I was so happy eating it; it took me right back. As I ate, I made her tell me – a few times over – what she’d put into it, then went home and made it from my notes. It came out the same, so she must have told me right. So, I’ve made this dish exactly once. But my grandmother Agnes used to make it all the time.

Agnes was an exceptional woman, nurturing, loving and warm. She’d had an incredibly hard life, but it never seemed to get in the way of her love for others. I am mostly Jewish; she was completely Jewish. She lived through the Holocaust, escaped from transfer to a concentration camp and fled from Hungary to Ireland. There, she and her family did what a lot of people did at the time and hid their religion, for fear the worst might happen again. They changed the family name from Kauders – a Hungarian Jewish name – to Kenedy – a made-up Irish name. And they started to eat pork. Somehow, though, in my grandmother’s mind, the prohibition from eating pork was transferred to lamb, which she never ate thereafter.

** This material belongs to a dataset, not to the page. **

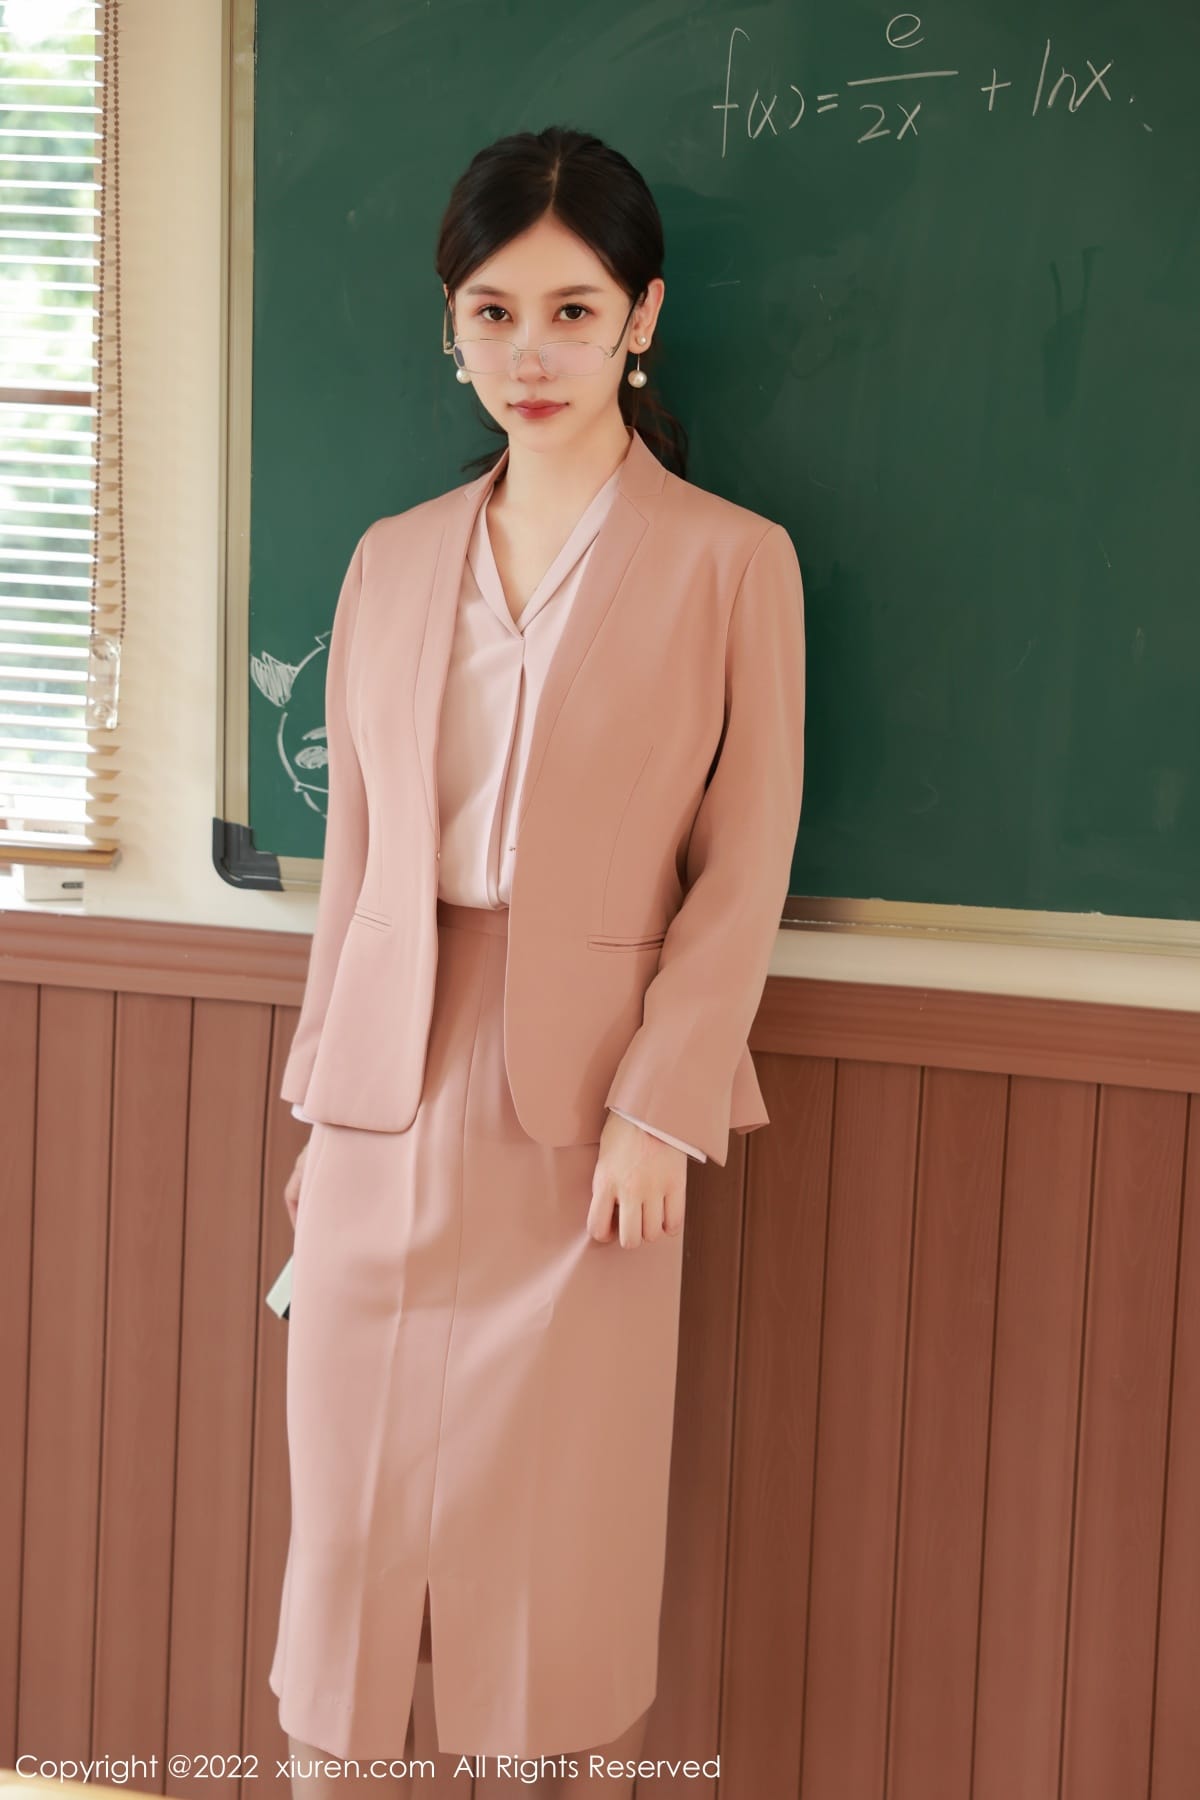 尹甜甜浅色服饰搭配裙子教师角色性感写真

Agnes lived on Westpark Road in Kew. Her house was a little dowdy – a bit ugly, perhaps, and full of lots of smelly things – not all good smells – but I always looked forward to going there. She had a very smelly little terrier called Mitsy, and a pond in the garden that stank to high heaven, but which I spent hours fishing in for newts. Camelias and redcurrants grew in her garden; I loved to pick and eat the sour berries. I puzzled over a bottle garden in her conservatory that my father had made as a child, which was still growing – I could never figure out how that was possible – and her box room, piled high from floor to ceiling of unidentifiable things in boxes. My great-grandmother, Lily, spoke not a word of English and her presence added to the mystery of the house while she was still around.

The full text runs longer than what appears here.